Efficient Methods for Dimensionality Reduction ofSingle-Cell RNA-Sequencing Data
单细胞 RNA 测序数据降维的有效方法
基本信息
- 批准号:10356883
- 负责人:
- 金额:$ 5.18万
- 依托单位:
- 依托单位国家:美国
- 项目类别:
- 财政年份:2020
- 资助国家:美国
- 起止时间:2020-03-16 至 2023-03-15
- 项目状态:已结题
- 来源:
- 关键词:AddressAdoptedAlgorithmsBiologicalCellsCodeCollectionCommunitiesComputer HardwareComputing MethodologiesConsensusDataData AnalysesData SetDevelopmentDimensionsDiseaseEvaluationFellowshipGaussian modelGenesHourHumanLanguageLearningLibrariesMathematicsMeasuresMentorshipMethodsModelingModernizationNamesNoiseNormal Statistical DistributionPaperPhysiciansPhysiologyPopulationPrincipal Component AnalysisProcessPublishingRNARandomizedResearch PersonnelResolutionRunningScientistSpeedStatistical BiasStatistical MethodsSystematic BiasTechniquesTechnologyTimeTissuesTrainingVariantVisualizationbasedesigndimensional analysisdistributed dataexperienceexperimental studyhigh dimensionalityimprovedinsightlaptopnon-Gaussian modelparallelizationprofessorsingle cell analysissingle-cell RNA sequencingstatisticssupercomputertheoriestooltranscriptometranscriptome sequencing
项目摘要
Project Summary: Efficient Methods for Dimensionality Reduction of Single-Cell RNA-Sequencing Data
Single-cell RNA-sequencing is a revolutionary technology enabling discoveries in human physiology and
disease. The datasets generated from single-cell RNA-sequencing experiments are so large that they cannot be
analyzed or visualized using traditional statistical methods until the datasets have been shrunk using a
technique named “dimensionality reduction.” Almost every analysis of single-cell RNA-sequencing begins
using a technique named principal component analysis (PCA) to accomplish dimensionality reduction.
However, single-cell RNA-sequencing presents unique challenges making PCA difficult.

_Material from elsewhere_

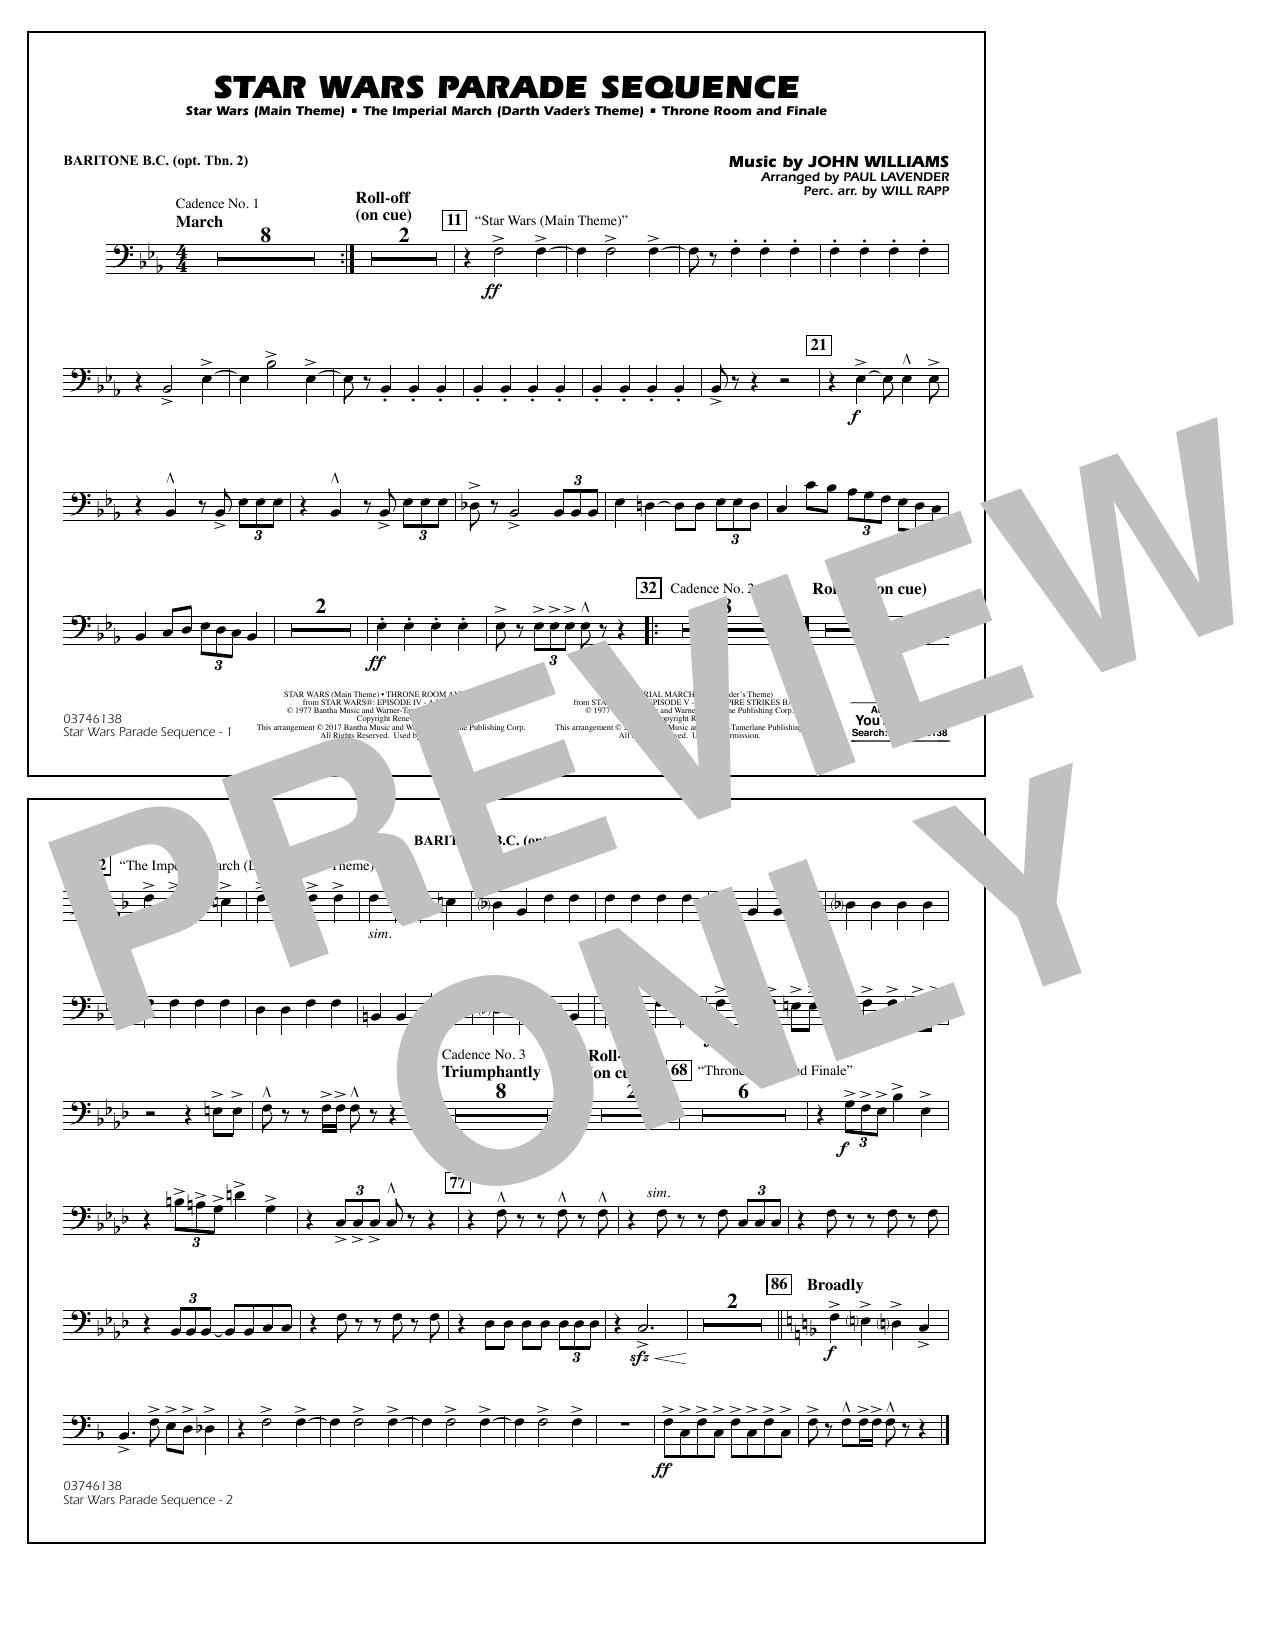 Star Wars Parade Sequence - Baritone B.C. (Opt. Tbn. 2) Sheet Music

First, the size of these
datasets is so large that computing PCA requires specialized hardware and multiple hours. Fast algorithms to
approximate PCA have been shown to dramatically speed up this process, but have not proliferated in the
single cell-RNA sequencing community, in part because no parallelized algorithm has been written in the R
computing language. Second, PCA requires the researcher to decide the final desired size of the dataset.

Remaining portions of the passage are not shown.